Ouch, that's somewhat distorted.  Eric has already won quite a few
hearts to avoid abuse of low-level hacks that hinder semantic
analysis (and believe me, such hacks are typically not typographical
masterpieces, but instead they usually hinder portability and
sometimes clean terminal rendering just as much as semantic analysis).
Eric doesn't want to deprecate the worst low-level hacks because
Doclifter is deficient, but because *no* program will be able to
make head or tail of such stuff.  And the pages will not need to
be rewritten, only patched.  Usually, such patches are rather small.
And the goal isn't to let Doclifter look like a hero, but to have
manuals that allow all of the following: (1) clean rendering to the
terminal  (2) produce fine typography with troff  (3) portability
and (4) allowing semantic analysis.  Other tools will profit *more*
than Doclifter because they contain less artificial intelligence.

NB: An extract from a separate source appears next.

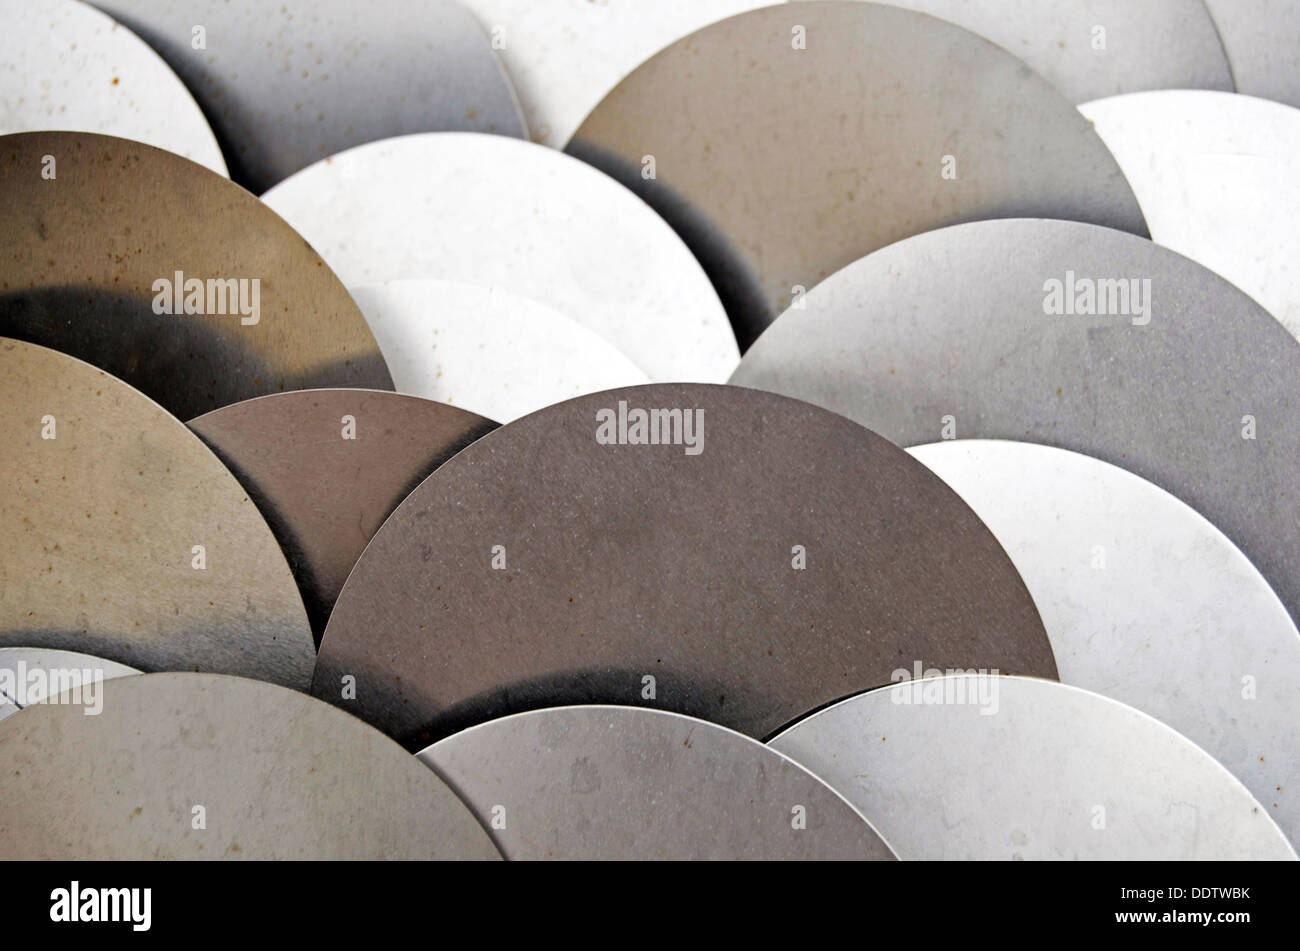 Silver disks stacked and reflecting different light. Stock Photo

It is clear that restricting abuse of low-level hacks in manuals
would help to improve the average formatting quality of manuals
across *all* output media, and that it would be much harder to
archieve as much without any enforcement.  I'm not completely
sure it should be done, it feels a bit strange, as i said, a bit
like a technical solution to a social problem, but the suggestion
is clearly neither absurd nor selfish.